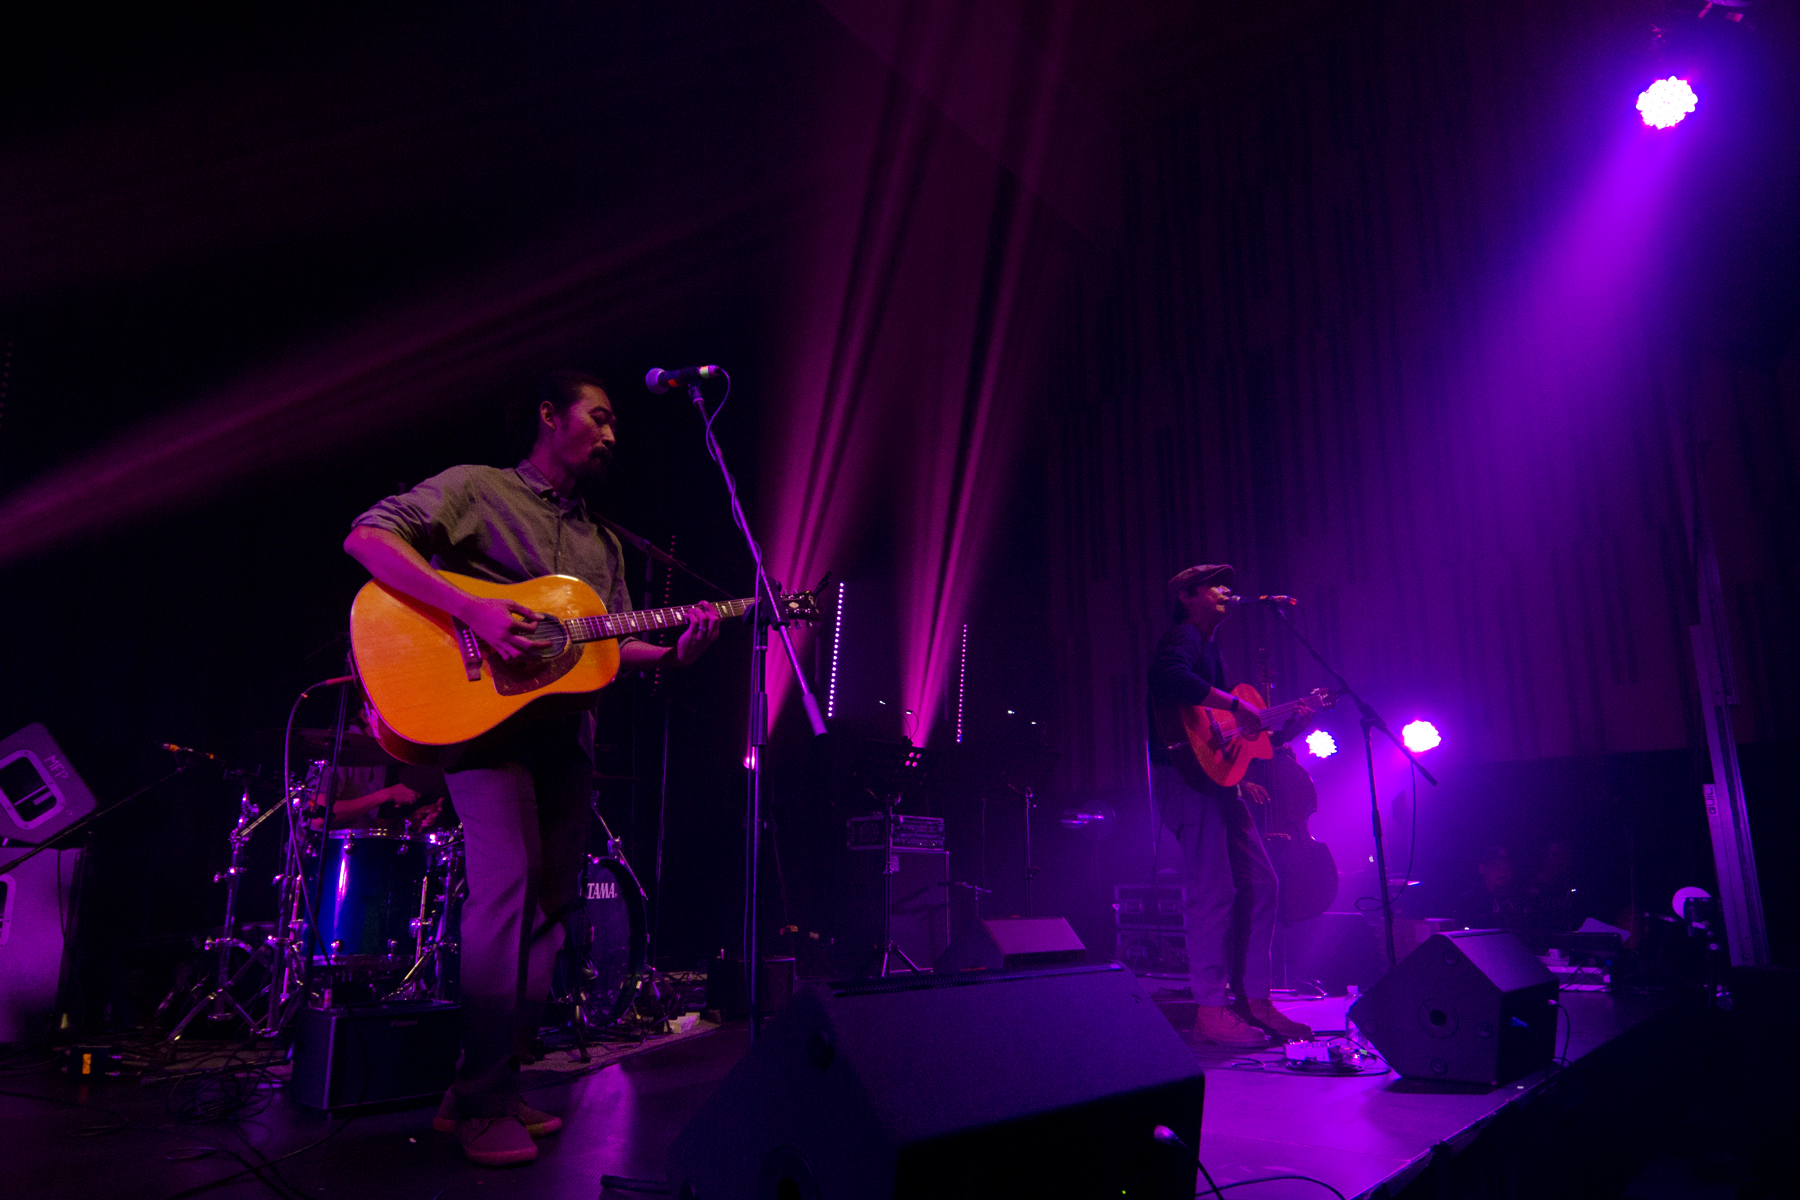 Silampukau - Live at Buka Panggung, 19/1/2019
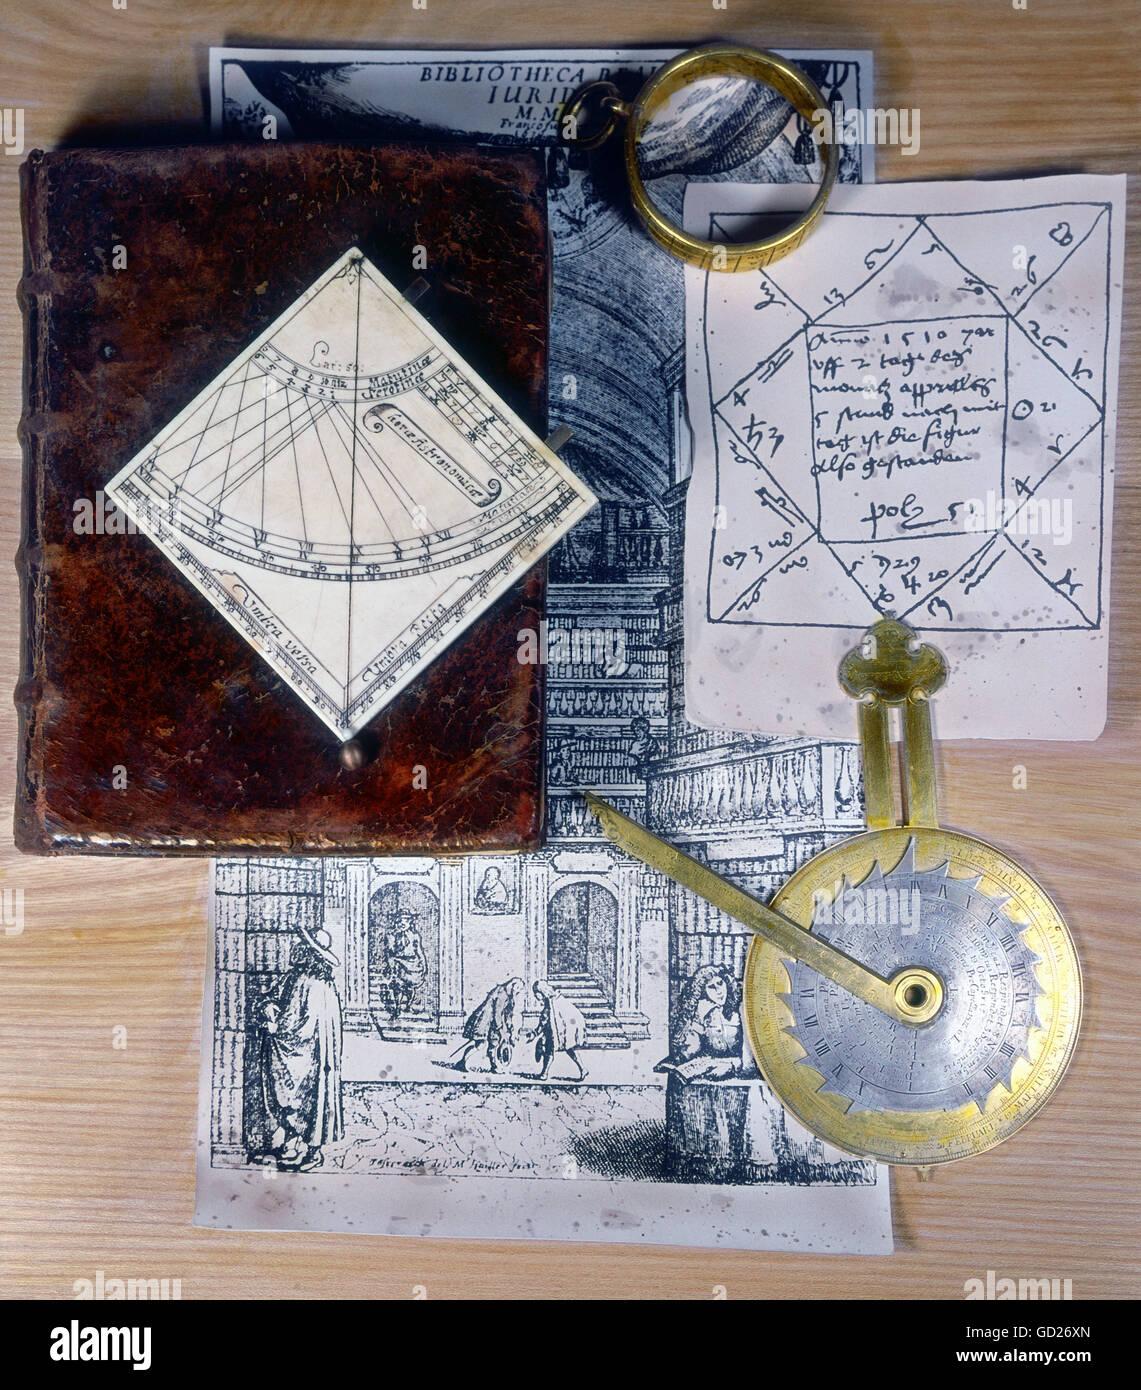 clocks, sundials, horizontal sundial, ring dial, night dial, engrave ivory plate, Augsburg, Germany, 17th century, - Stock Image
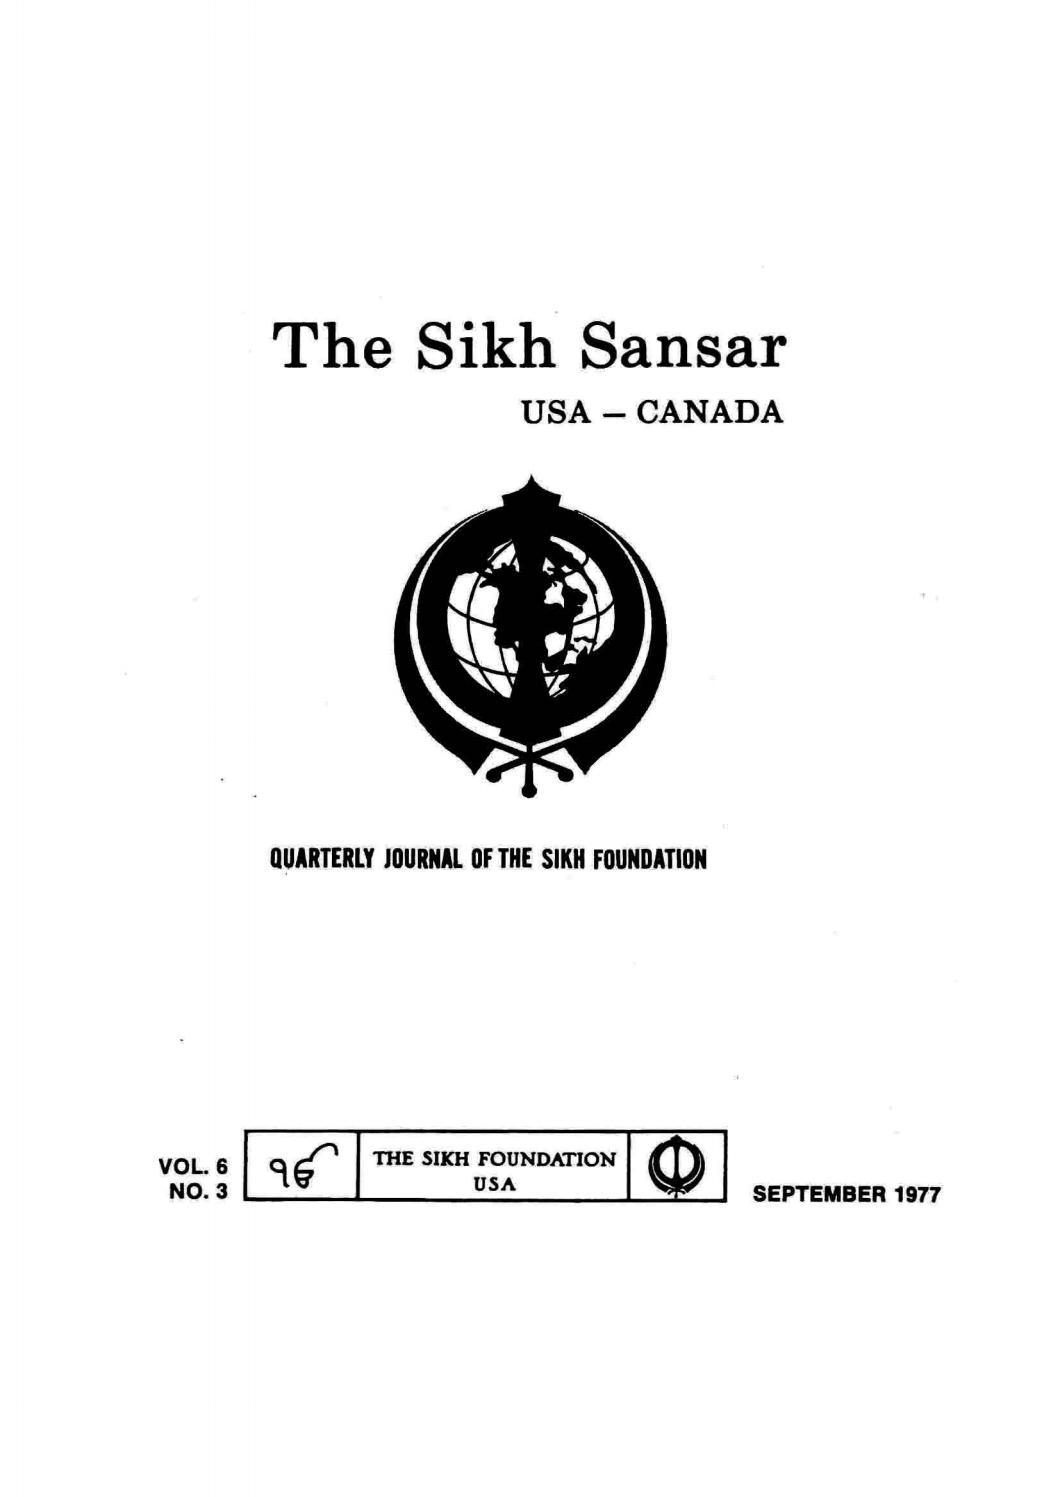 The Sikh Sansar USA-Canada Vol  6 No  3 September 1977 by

The problem
Each line above must be set down exactly, though no picture should be carried over.

Task solution
 Silampukau - Live at Buka Panggung, 19/1/2019
 clocks, sundials, horizontal sundial, ring dial, night dial, engrave ivory plate, Augsburg, Germany, 17th century, - Stock Image
 The Sikh Sansar USA-Canada Vol  6 No  3 September 1977 by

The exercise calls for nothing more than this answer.